Overview
At Sweatcoin, we’re driven by a shared mission to make the world more active. We value creativity, collaboration, and solving complex problems. Our iOS and Android apps have more than 200M installs and 15M+ active users with a growing set of partners and independent research showing our impact on activity.
This is an exciting opportunity to make a huge impact on our data platform as we transition to a more scalable and efficient architecture. If you thrive on solving complex data challenges and want to be part of a high-performing team, we’d love to hear from you!
What we offer:
- A team of exceptional people who celebrate our community by being supportive and creative. The head of data once worked on a mind-reading helmet; a software developer has a certified psychological practice; QA professionals with unique backgrounds; and a number of musicians who help us stay innovative. We multiply each other’s talents to develop a product we’re all proud of.
- A product that promotes health and fitness in 100 countries with inspiring stories like this: https://blog.sweatco.in/one-sweatcoiners-journey-to-100000-steps/
- A startup that actually works. We are self-sufficient and supported by investors to keep growing. We recently broke a record of 10M new users each week.
- Models that help verify steps so there is no cheating for coins.
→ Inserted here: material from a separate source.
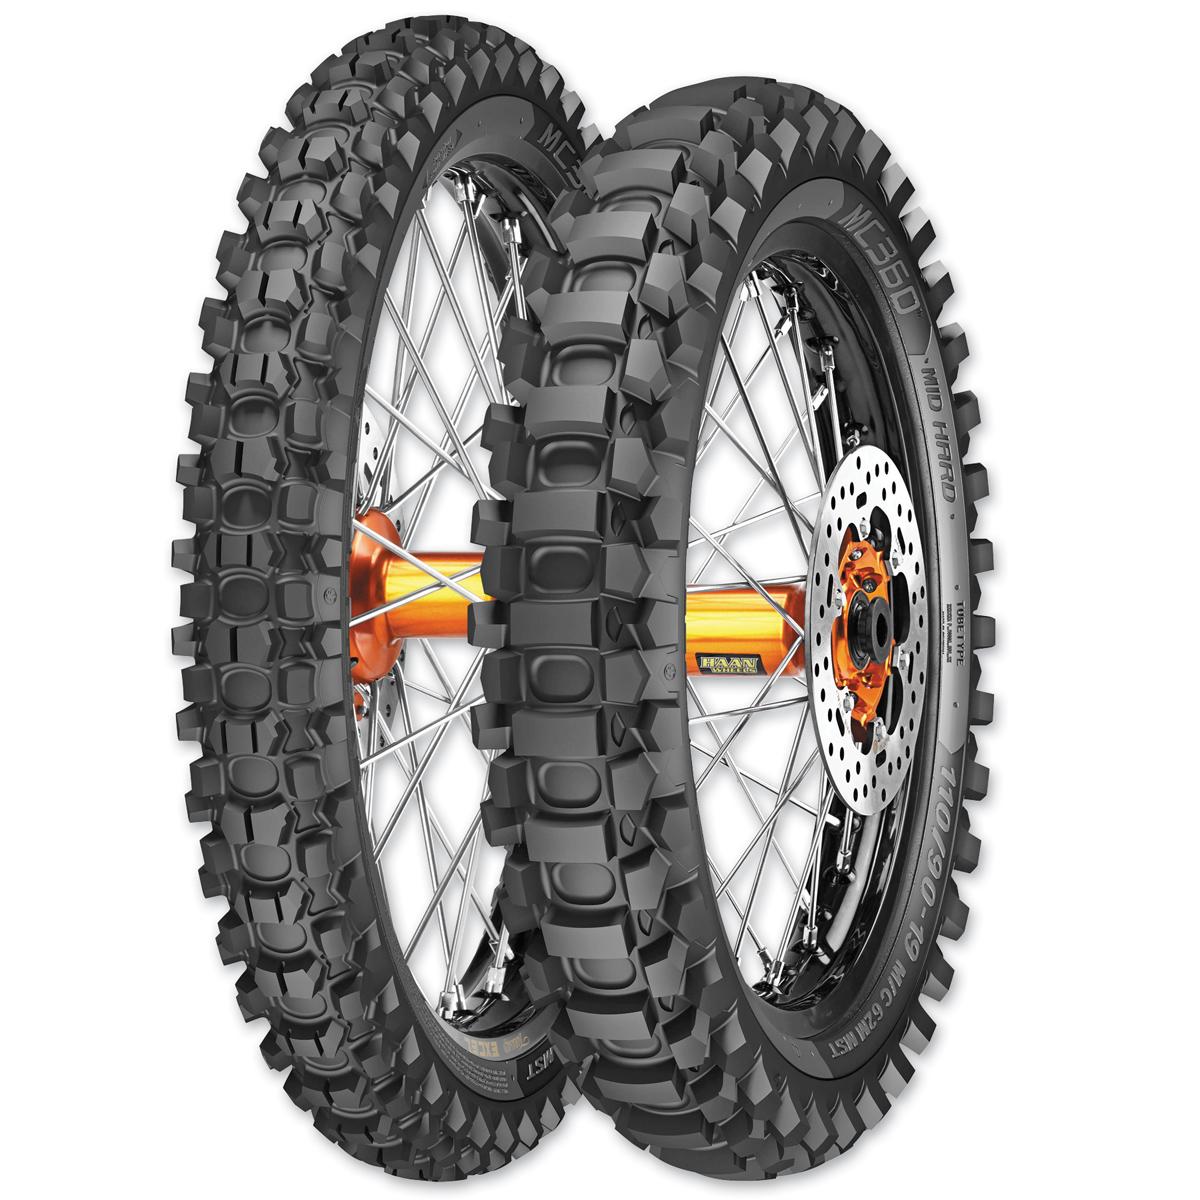 Metzeler MC 360 100/90-19 Rear Tire

- Automatised analytics, a modern data stack (Snowplow, BigQuery, Airflow, Looker) and integrated tooling.
What you will do:
- Lead and execute the migration from Firebase-BigQuery-Looker to a self-hosted stack including Snowplow, Kafka, ClickHouse, Trino, Spark, S3, and Redash.
- Design, develop, and optimise scalable, high-performance data pipelines.
- Automate data processing and workflow orchestration.
- Enhance data infrastructure reliability, scalability, and cost-efficiency.
- Collaborate with engineers and analysts to define best practices for data processing, storage, and governance.
- Develop internal tools for data quality monitoring, lineage tracking, and debugging.
- Optimize query performance and ensure efficient data modeling.
What we expect from you:
- Expertise in Data Engineering: Strong experience building, maintaining, and optimizing ETL/ELT pipelines.
- Strong Coding Skills: Proficiency in Python and SQL for data processing and analytics.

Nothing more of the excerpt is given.